Performance benchmark of Mistral AI using llama.cpp
The llama.cpp library comes with a benchmarking tool.
I tested both the MacBook Pro M1 with 16 GB of unified memory and the Tesla V100S from OVHCloud (t2-le-45).
The post will be updated as more tests are done.
Procedure to run inference benchmark with llama.cpp
This guide covers only MacOS and Linux.
Clone and compile llama.cpp
git clone https://github.com/ggerganov/llama.cpp.git llama-cpp-for-benchmark
cd llama-cpp-for-benchmark
If you have a Nvidia GPU and CUDA is already installed:
# I'm assuming you already have CUDA properly installed and working
make LLAMA_CUBLAS=1
If you have an Apple Silicon Machine:
make
If you have an OpenCL compatible GPU and running Linux:
# install CLBlast - see https://github.com/ggerganov/llama.cpp#installing-clblast
sudo apt-get install libclblast-dev libclblast1
make LLAMA_CLBLAST=1
If you don't have any usable GPU (older models without support):
make
Download the model
- If you have less than 8GB RAM, running the benchmark is not recommended
- If you have between 8 GB and 16 GB RAM, download the Q4_K_M quantized version
- If you have at least 16 GB RAM, download the Q8_0 quantized version
- If you have at least 24 GB RAM, you can download the official release
Store the downloaded version in ./llama-cpp-for-benchmark/models/mistral/
Using the weights of the original release (.pth fp16 => GGUF)
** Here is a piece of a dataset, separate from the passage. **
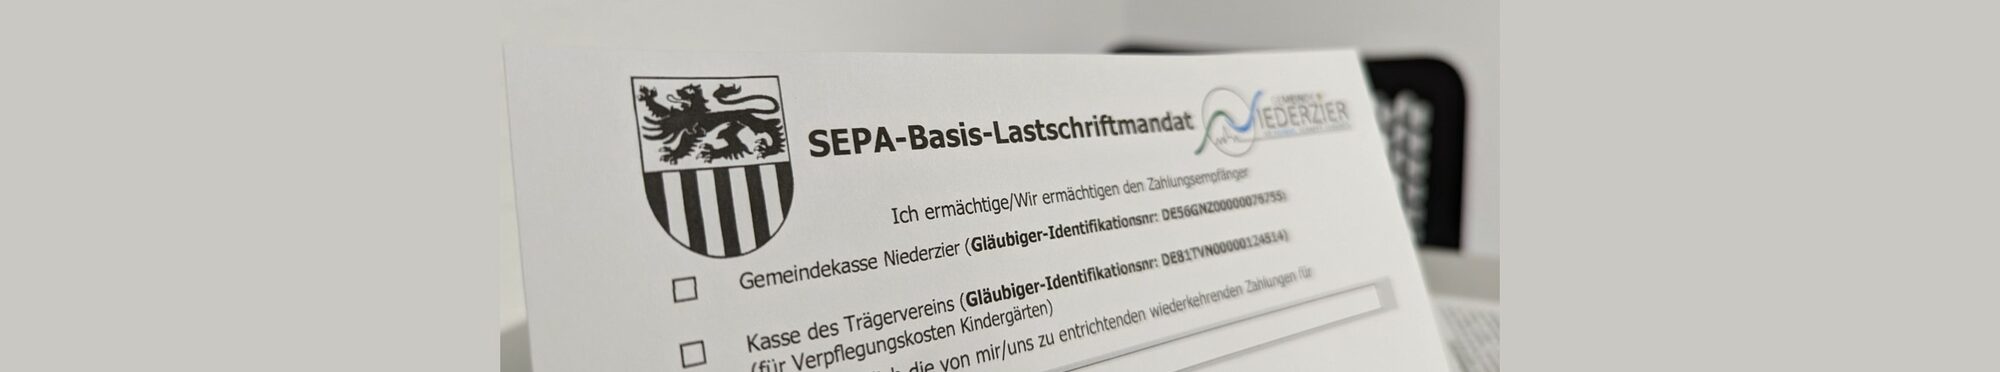 SEPA-Basis-Lastschriftmandat

Follow the steps hereunder only if you want to test the official release (fp16)
# Create a virtual env to store required dependencies
python3 -m venv venv
source venv/bin/activate
pip install -r requirements.txt
# Download and convert the official release from HF to GGUC
pip install huggingface_hub
huggingface-cli login
mkdir ./models/mistral/
huggingface-cli download --local-dir ./models/mistral/ mistralai/Mistral-7B-v0.1
# Convert the pytorch model to GGUF format
./convert.py ./models/mistral/
Run a test to see if the inference is actually working
./main -t 4 -ngl 33 -m ./models/mistral/<name-of-the-model.gguf> -c 1024 --color -n 128 -p "Hello"
Run benchmarks
# Quick single-thread CPU benchmark
./llama-bench -m ./models/mistral/<name-of-the-model.gguf> -t 1 -ngl 0 --output csv > bench-results.csv
# Quick GPU benchmark
./llama-bench -m ./models/mistral/<name-of-the-model.gguf> -t 1 -ngl 33 --output csv > bench-results.csv
# 5-10 min benchmark
./llama-bench -m ./models/mistral/<name-of-the-model.gguf> -t 1,2,4 -ngl 0,10,20,33 --output csv > bench-results.csv
# Complete benchmark
./llama-bench -m ./models/mistral/<name-of-the-model.gguf> -t 1,2,4,8 -ngl 0,10,20,33 --output csv > bench-results.csv
Notes:
- ngl is set to 33 to offload every layer to the GPU
- if you don't have a usable GPU, set
-ngl 0
Apple Silicon M1
Highlights
The first key result you should consider from this benchmark is the use of GPU offloading yields a very interesting tradeoff:
- Setting thread count to 1
- Setting gpu layers to 30
yields
model | params | backend | ngl | threads | test | t/s |
---|---|---|---|---|---|---|
Mistral Q4_K | 7.24 B | Metal | 30 | 1 | pp 128 | 112.31 ± 0.10 |
Mistral Q4_K | 7.24 B | Metal | 30 | 1 | tg 32 | 12.62 ± 0.02 |
So you'll get most of the performance from a M1 macbook by offloading everything to the integrated GPU leaving room for any other compute workload.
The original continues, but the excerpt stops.